The included studies which spanned a period of 42 years (1971-2021). Participants ranged from 2-21 years of age. Regarding the type of VI, three studies reported patients with blindness only, two studies reported those with total and partial VI and ten studies did not specify the degree of VI.

The prevalence of dental caries ranged from 40%-84% for those with VI and 11.5%-83% for those with no VI. Traumatic dental injuries ranged from 9%-25% for those with VI and 3.4%-8.7% in those without VI. Bleeding on probing was recorded at 0.6%-62.6% and 2.7%-55% in those with VI and those without respectively. Good oral hygiene ranged from 22.8%-58% and 49.4%-65% in those with and without VI respectively.

Individuals with VI had a significantly higher number of systemic diseases (p = 0.002) and had fewer dental visits (p = 0.028) compared to those without VI.

An overjet of >3.5 mm significantly increased the risk of traumatic dental injury amongst individuals with VI (p = 0.043).

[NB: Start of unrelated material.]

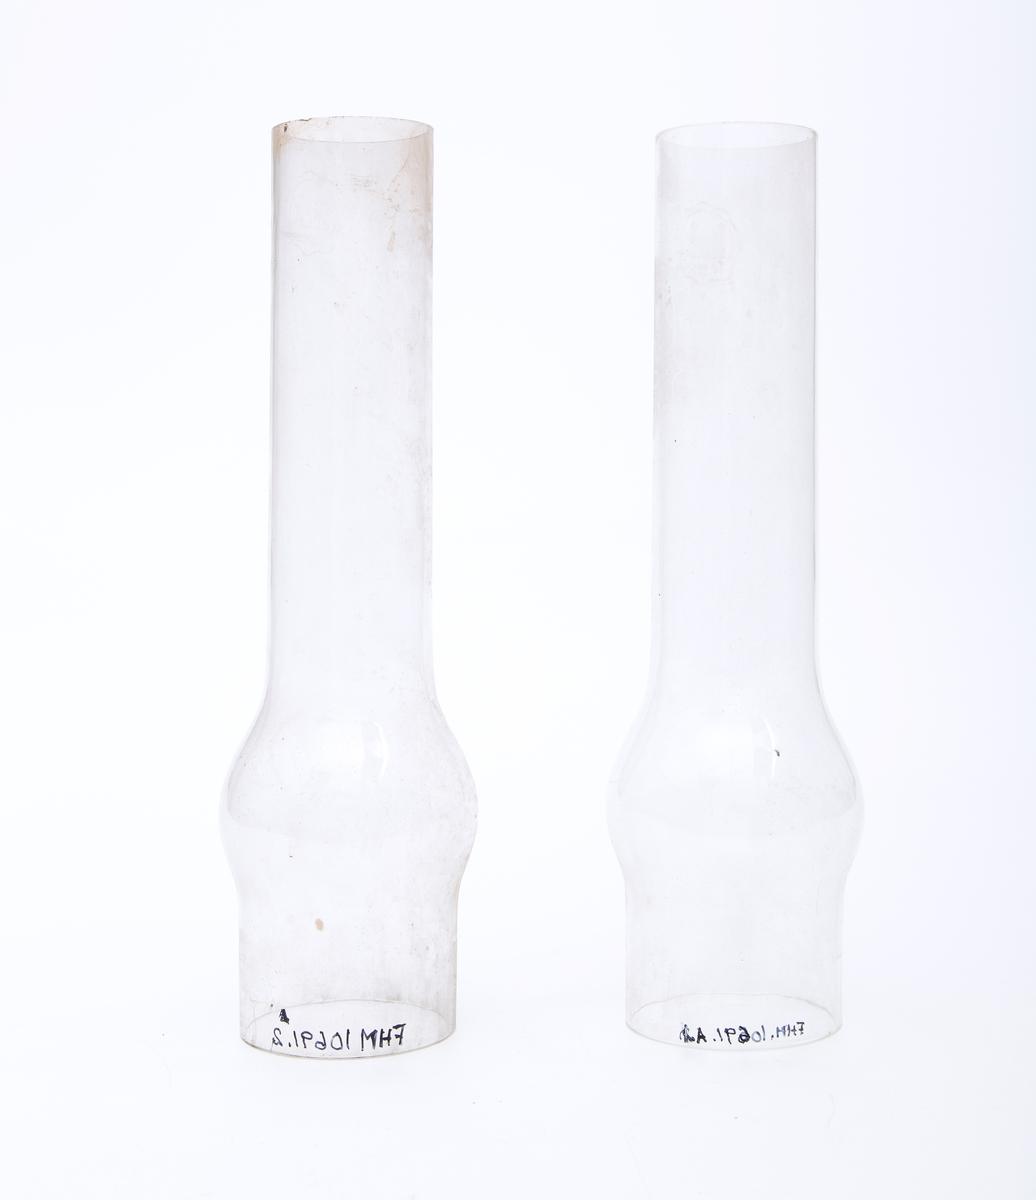 Lampeglass til prafinlampe i pappemballasje. Rest av prislapp som tolkes som Kr 25 og Kr 40 for to glass

The meta-analysis showed the dental plaque index was 3.74-fold higher in those with VI compared to those without VI (SMD = 3.74, CI = 1.77-5.71, I2 = 99%).

The gingival index was 3.53-fold higher in those with VI compared to those without (SMD = 3.53, CI = 0.38-6.68, I2 = 99%).

For calculus (using the Calculus Index - Simplified Green and Vermillion), the score was 0.04-fold higher in those with VI (MD = 0.71, CI = 0.24-1.18, I2 = 97%).

For assessment of the prevalence of dental caries, there was no difference between the two groups (OR = 2.04, CI = 0.89-4.68, I2 = 83%) however the decayed missing filled surfaces (DMFS) score was significantly higher in those with VI (MD = 0.90, CI = 0.68-1.13, I2 = 98%). It is of note that there was no difference observed for DMFT and dmft scores between the two groups.

Those with VI were 3.09 times more likely to experience a traumatic dental injury compared to those without VI (OR = 3.09, CI = 1.88-5.08, I2 = 42%).

The risk of bias assessment using the JBI critical appraisal tool showed three studies had a low risk of bias in all domains. Other studies had a high risk or unclear risk of bias in at least one domain.

Conclusions

The authors concluded:

‘…children and adolescents with visual impairment have a higher chance of having TDI and have higher index values (and therefore, poorer outcomes) for DMFS, dental plaque, gingival inflammation, calculus, and oral hygiene status.'

Comments

The studies included in this systematic review evaluated a range of different outcomes and used different indices, hence only a few were included in the meta-analysis. It was not possible to correlate the degree of VI with dental indices given this was not reported by the majority of studies. The authors excluded studies where participants had other disabilities that could have affected their ability to perform oral hygiene activities. The inclusion of this group would have provided more insight on the impact of blindness in children and adolescents with other conditions. This study identifies the increased risk of dental disease in those with VI, hence a proactive preventative approach is needed when providing oral health care to these patients. Additionally, there are measures dental practices can implement to improve access to dentistry and oral health promotion for those with VI.4,5 This study also highlights the limited literature and need for further research in this field.